Analysis Matrix

Design patterns can help analysts identify and organize variations successfully. After the problem domain has been organised around variation, it becomes easier to see how design patterns can be used to create a high-level design of the application. The analysis matrix helps to understand the problem domain, and then implement it. It is a simple analysis tool that is a useful starting point for capturing variability in concepts and thinking about the problem domain.

  1. Identify the most important features in a particular scenario and organise them in a matrix. Label each feature with the concept that the feature represents.
  2. Proceed through other scenarios, expanding the matrix as necessary. Handle each scenario independently of the others.
  3. Expand the analysis matrix with new concepts.
  4. Use the rows to identify rules.
  5. Use the columns to identify specific situations.
  6. Identify design patterns from this analysis.
  7. Develop a high-level design.

Separate the requirements into possible scenarios.

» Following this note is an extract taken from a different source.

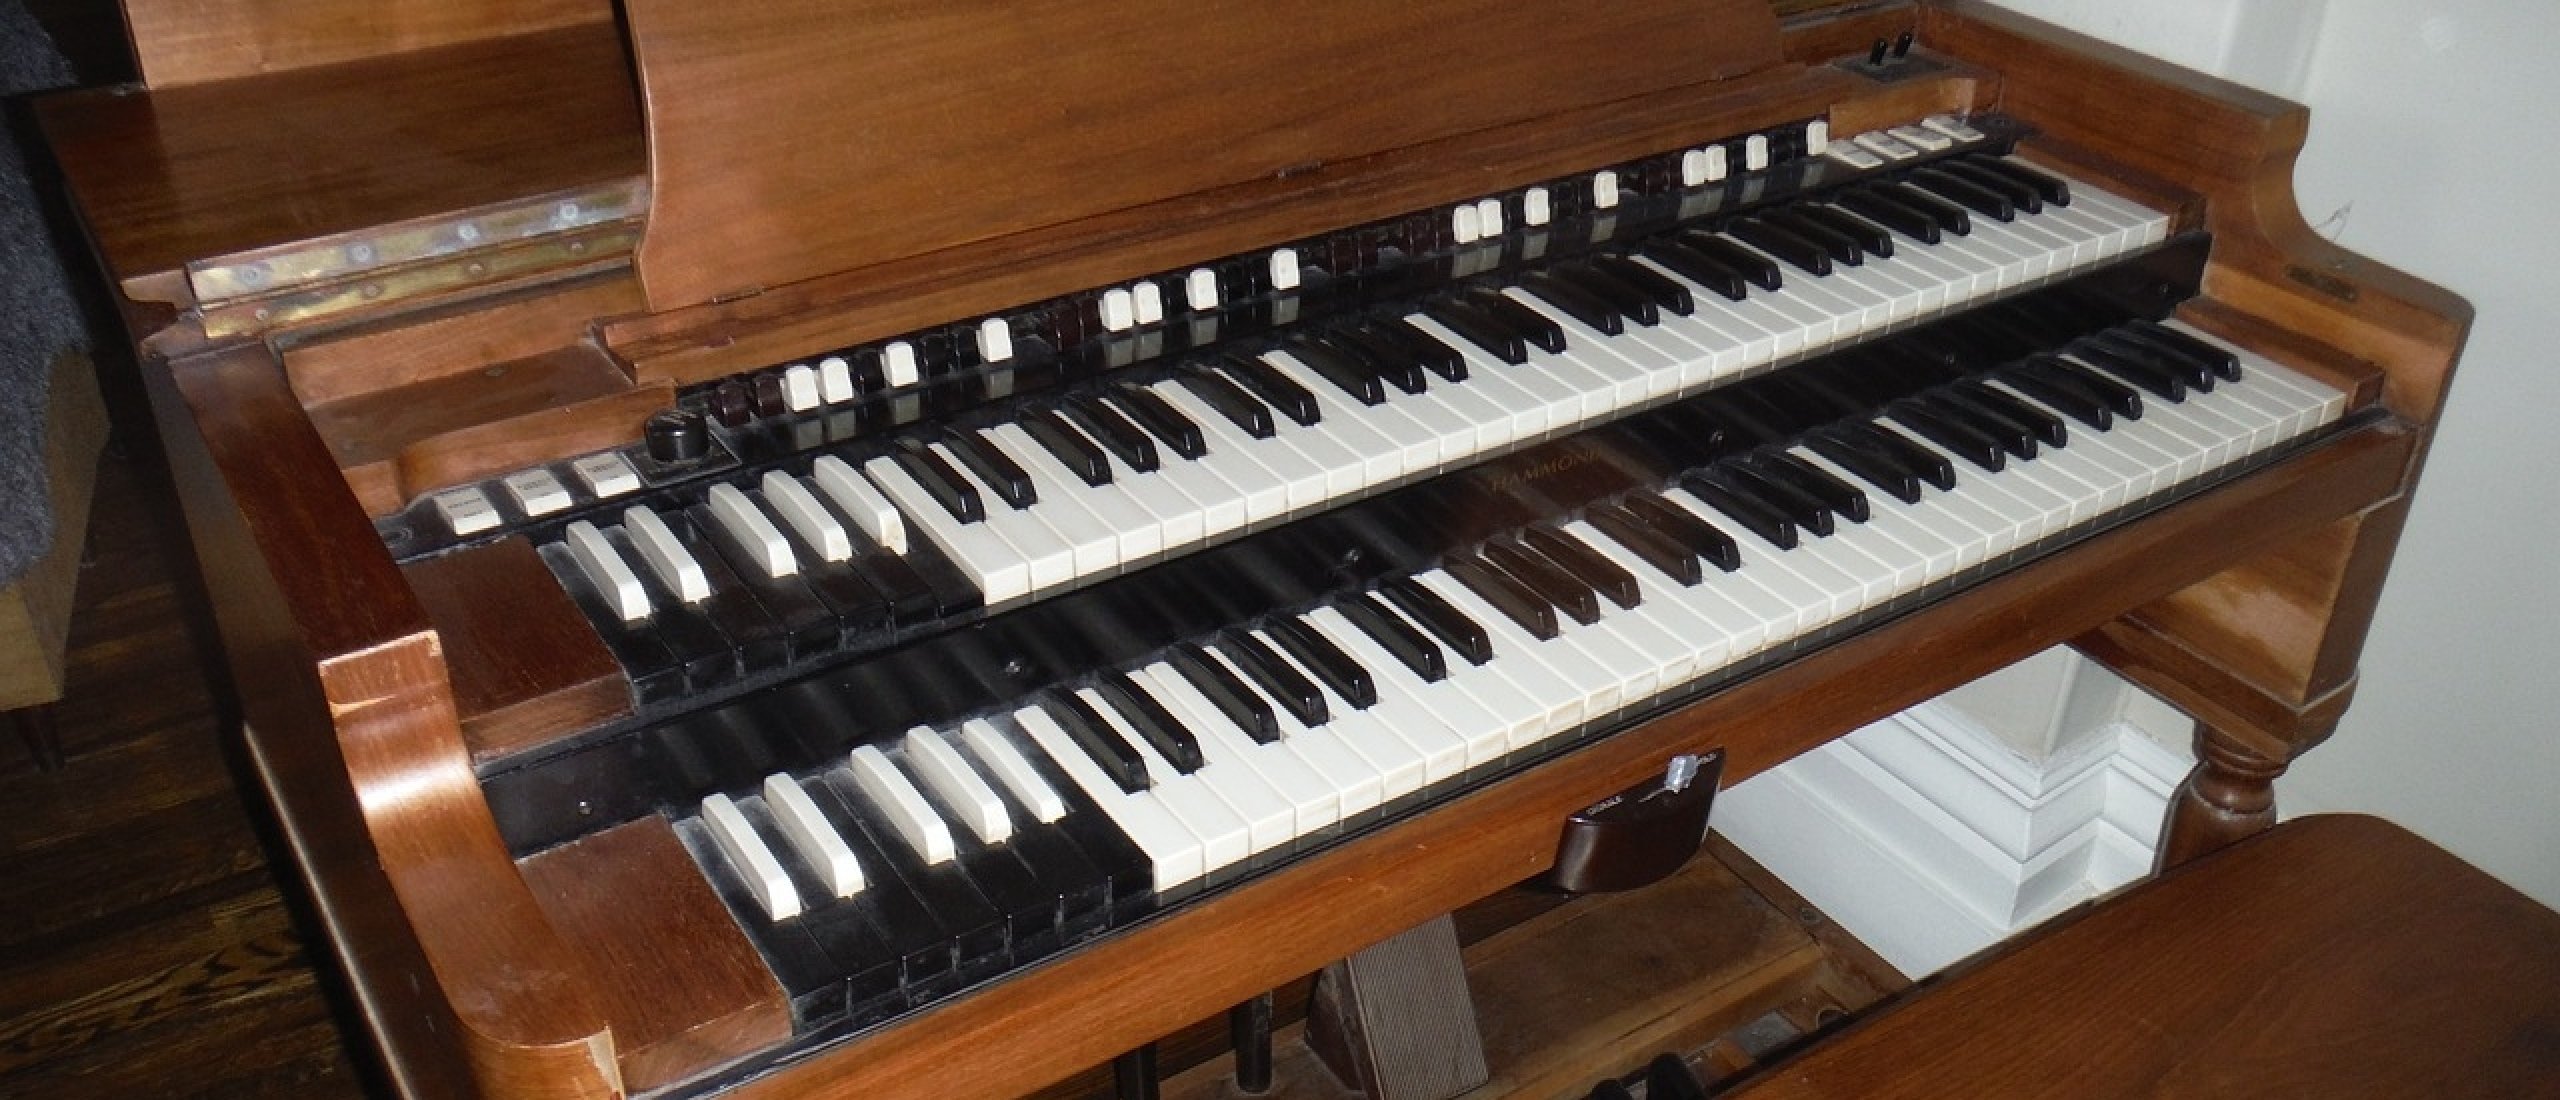 Het klassieke Hammond orgel, terug van weggeweest!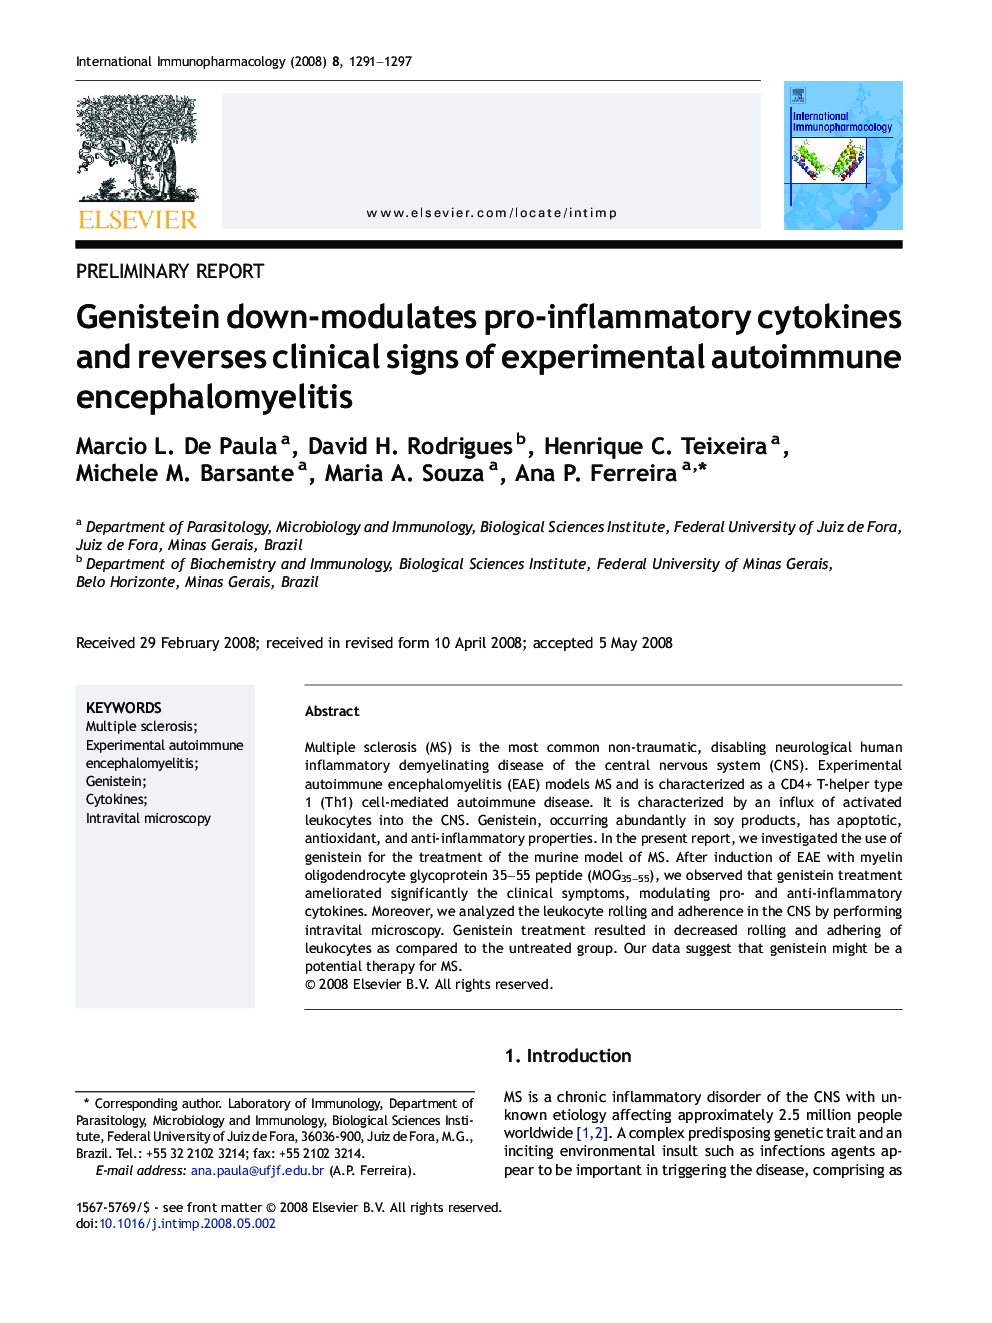 Genistein down-modulates pro-inflammatory cytokines and reverses clinical signs of experimental autoimmune encephalomyelitis

The far left column of an analysis matrix is the essential concept that represents a feature/function within the software. Each row of the matrix represents specific, concrete implementations of the generalised concept described in the row. Each column in the matrix represents the specific implementations for a given case.

In general, any pattern that uses polymorphism could be present in an Analysis Matrix, e.g. Strategy, Bridge, Decorator, Template, Observer, Composite, Command, Proxy, Visitor.

The Analysis Matrix is focused on variations in concepts. It is used at the conceptual level of design and analysis.

Analysis Matrix is a good way to discover variations. We are motivated by information overload, where we don’t know how to organise and group requirements.

We look for places where the OCP applies — where do we want to be open for extension?

The AM is a two-dimensional grid, and we can have mini-matrices within the matrix to drill down into features.

Rows represent concepts, e.g. calculate shipping, whereas columns represent cases, e.g. USA customer, Canada customer. The intersection of a row and a column is usually a concrete class/object of some description. Row gives us the interface for this object. Row is quite often a Strategy pattern.